* WHAT IS REQUIRED:
Print exactly the lines from the line with "Sinister Gothic Gothic" to the last line of the data, please, both included.

* MATERIAL PROVIDED:
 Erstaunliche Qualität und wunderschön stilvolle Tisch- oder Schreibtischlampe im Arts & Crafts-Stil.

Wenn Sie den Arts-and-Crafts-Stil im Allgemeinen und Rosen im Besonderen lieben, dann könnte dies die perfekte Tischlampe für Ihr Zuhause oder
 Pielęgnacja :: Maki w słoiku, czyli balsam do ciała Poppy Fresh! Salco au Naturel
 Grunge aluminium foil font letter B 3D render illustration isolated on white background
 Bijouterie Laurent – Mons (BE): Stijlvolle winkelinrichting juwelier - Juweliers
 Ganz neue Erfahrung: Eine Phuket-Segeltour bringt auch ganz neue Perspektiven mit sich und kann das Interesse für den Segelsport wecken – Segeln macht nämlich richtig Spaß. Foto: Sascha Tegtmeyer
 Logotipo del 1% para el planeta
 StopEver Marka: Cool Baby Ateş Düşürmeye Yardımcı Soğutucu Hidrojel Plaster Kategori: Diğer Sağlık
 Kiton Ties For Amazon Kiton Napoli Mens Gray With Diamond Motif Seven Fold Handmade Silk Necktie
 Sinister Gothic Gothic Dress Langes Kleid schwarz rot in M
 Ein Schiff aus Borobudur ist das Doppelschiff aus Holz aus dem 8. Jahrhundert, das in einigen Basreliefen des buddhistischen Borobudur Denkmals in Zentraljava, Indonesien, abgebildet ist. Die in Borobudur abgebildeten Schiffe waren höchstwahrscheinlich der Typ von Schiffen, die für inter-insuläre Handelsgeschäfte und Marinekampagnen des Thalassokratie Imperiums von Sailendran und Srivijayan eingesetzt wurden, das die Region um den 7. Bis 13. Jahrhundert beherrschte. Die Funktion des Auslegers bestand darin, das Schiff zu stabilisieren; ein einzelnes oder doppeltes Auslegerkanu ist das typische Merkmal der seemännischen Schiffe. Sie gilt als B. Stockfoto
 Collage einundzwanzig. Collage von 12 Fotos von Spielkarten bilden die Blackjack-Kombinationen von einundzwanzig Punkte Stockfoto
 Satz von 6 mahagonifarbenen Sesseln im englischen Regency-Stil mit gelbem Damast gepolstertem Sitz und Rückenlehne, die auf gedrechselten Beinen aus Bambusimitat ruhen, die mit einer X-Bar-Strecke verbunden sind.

* ANSWER BOX:
 Sinister Gothic Gothic Dress Langes Kleid schwarz rot in M
 Ein Schiff aus Borobudur ist das Doppelschiff aus Holz aus dem 8. Jahrhundert, das in einigen Basreliefen des buddhistischen Borobudur Denkmals in Zentraljava, Indonesien, abgebildet ist. Die in Borobudur abgebildeten Schiffe waren höchstwahrscheinlich der Typ von Schiffen, die für inter-insuläre Handelsgeschäfte und Marinekampagnen des Thalassokratie Imperiums von Sailendran und Srivijayan eingesetzt wurden, das die Region um den 7. Bis 13. Jahrhundert beherrschte. Die Funktion des Auslegers bestand darin, das Schiff zu stabilisieren; ein einzelnes oder doppeltes Auslegerkanu ist das typische Merkmal der seemännischen Schiffe. Sie gilt als B. Stockfoto
 Collage einundzwanzig. Collage von 12 Fotos von Spielkarten bilden die Blackjack-Kombinationen von einundzwanzig Punkte Stockfoto
 Satz von 6 mahagonifarbenen Sesseln im englischen Regency-Stil mit gelbem Damast gepolstertem Sitz und Rückenlehne, die auf gedrechselten Beinen aus Bambusimitat ruhen, die mit einer X-Bar-Strecke verbunden sind.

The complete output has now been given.